### EXERCISE INSTRUCTIONS
Return the records below word for word.

### DATA FOR THIS EXERCISE
--- START ---
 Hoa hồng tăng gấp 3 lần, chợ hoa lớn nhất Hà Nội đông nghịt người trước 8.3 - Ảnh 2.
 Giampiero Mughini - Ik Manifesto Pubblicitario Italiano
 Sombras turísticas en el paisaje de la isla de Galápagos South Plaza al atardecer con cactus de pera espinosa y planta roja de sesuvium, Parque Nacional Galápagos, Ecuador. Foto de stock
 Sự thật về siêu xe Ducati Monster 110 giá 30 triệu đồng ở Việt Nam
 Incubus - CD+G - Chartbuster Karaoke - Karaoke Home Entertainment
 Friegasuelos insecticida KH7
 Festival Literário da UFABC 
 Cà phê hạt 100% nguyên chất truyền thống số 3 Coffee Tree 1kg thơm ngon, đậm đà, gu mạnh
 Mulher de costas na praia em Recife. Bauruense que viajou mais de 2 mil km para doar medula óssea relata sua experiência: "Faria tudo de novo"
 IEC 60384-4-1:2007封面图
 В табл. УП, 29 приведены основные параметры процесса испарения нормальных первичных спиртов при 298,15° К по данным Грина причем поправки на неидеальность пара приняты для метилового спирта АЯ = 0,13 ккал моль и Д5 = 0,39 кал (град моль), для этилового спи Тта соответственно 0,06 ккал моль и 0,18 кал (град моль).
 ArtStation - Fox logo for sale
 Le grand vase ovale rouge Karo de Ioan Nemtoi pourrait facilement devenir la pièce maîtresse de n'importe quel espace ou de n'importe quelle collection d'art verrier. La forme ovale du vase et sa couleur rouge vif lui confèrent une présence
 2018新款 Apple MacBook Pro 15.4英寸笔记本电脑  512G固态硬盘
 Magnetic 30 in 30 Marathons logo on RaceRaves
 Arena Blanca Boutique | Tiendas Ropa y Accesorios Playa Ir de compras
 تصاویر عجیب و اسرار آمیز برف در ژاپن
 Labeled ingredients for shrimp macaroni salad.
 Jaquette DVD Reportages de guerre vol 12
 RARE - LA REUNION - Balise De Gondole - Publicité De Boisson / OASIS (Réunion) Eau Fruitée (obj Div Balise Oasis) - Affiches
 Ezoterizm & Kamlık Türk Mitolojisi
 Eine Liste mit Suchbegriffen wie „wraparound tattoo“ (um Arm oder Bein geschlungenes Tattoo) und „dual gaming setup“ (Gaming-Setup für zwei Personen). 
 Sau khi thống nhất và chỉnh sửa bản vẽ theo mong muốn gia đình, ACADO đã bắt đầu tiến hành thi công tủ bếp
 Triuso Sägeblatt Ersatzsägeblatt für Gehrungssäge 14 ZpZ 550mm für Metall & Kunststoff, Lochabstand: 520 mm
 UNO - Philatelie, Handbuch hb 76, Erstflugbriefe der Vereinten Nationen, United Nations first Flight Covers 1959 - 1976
--- END ---
### TASK SOLUTION
 Hoa hồng tăng gấp 3 lần, chợ hoa lớn nhất Hà Nội đông nghịt người trước 8.3 - Ảnh 2.
 Giampiero Mughini - Ik Manifesto Pubblicitario Italiano
 Sombras turísticas en el paisaje de la isla de Galápagos South Plaza al atardecer con cactus de pera espinosa y planta roja de sesuvium, Parque Nacional Galápagos, Ecuador. Foto de stock
 Sự thật về siêu xe Ducati Monster 110 giá 30 triệu đồng ở Việt Nam
 Incubus - CD+G - Chartbuster Karaoke - Karaoke Home Entertainment
 Friegasuelos insecticida KH7
 Festival Literário da UFABC 
 Cà phê hạt 100% nguyên chất truyền thống số 3 Coffee Tree 1kg thơm ngon, đậm đà, gu mạnh
 Mulher de costas na praia em Recife. Bauruense que viajou mais de 2 mil km para doar medula óssea relata sua experiência: "Faria tudo de novo"
 IEC 60384-4-1:2007封面图
 В табл. УП, 29 приведены основные параметры процесса испарения нормальных первичных спиртов при 298,15° К по данным Грина причем поправки на неидеальность пара приняты для метилового спирта АЯ = 0,13 ккал моль и Д5 = 0,39 кал (град моль), для этилового спи Тта соответственно 0,06 ккал моль и 0,18 кал (град моль).
 ArtStation - Fox logo for sale
 Le grand vase ovale rouge Karo de Ioan Nemtoi pourrait facilement devenir la pièce maîtresse de n'importe quel espace ou de n'importe quelle collection d'art verrier. La forme ovale du vase et sa couleur rouge vif lui confèrent une présence
 2018新款 Apple MacBook Pro 15.4英寸笔记本电脑  512G固态硬盘
 Magnetic 30 in 30 Marathons logo on RaceRaves
 Arena Blanca Boutique | Tiendas Ropa y Accesorios Playa Ir de compras
 تصاویر عجیب و اسرار آمیز برف در ژاپن
 Labeled ingredients for shrimp macaroni salad.
 Jaquette DVD Reportages de guerre vol 12
 RARE - LA REUNION - Balise De Gondole - Publicité De Boisson / OASIS (Réunion) Eau Fruitée (obj Div Balise Oasis) - Affiches
 Ezoterizm & Kamlık Türk Mitolojisi
 Eine Liste mit Suchbegriffen wie „wraparound tattoo“ (um Arm oder Bein geschlungenes Tattoo) und „dual gaming setup“ (Gaming-Setup für zwei Personen). 
 Sau khi thống nhất và chỉnh sửa bản vẽ theo mong muốn gia đình, ACADO đã bắt đầu tiến hành thi công tủ bếp
 Triuso Sägeblatt Ersatzsägeblatt für Gehrungssäge 14 ZpZ 550mm für Metall & Kunststoff, Lochabstand: 520 mm
 UNO - Philatelie, Handbuch hb 76, Erstflugbriefe der Vereinten Nationen, United Nations first Flight Covers 1959 - 1976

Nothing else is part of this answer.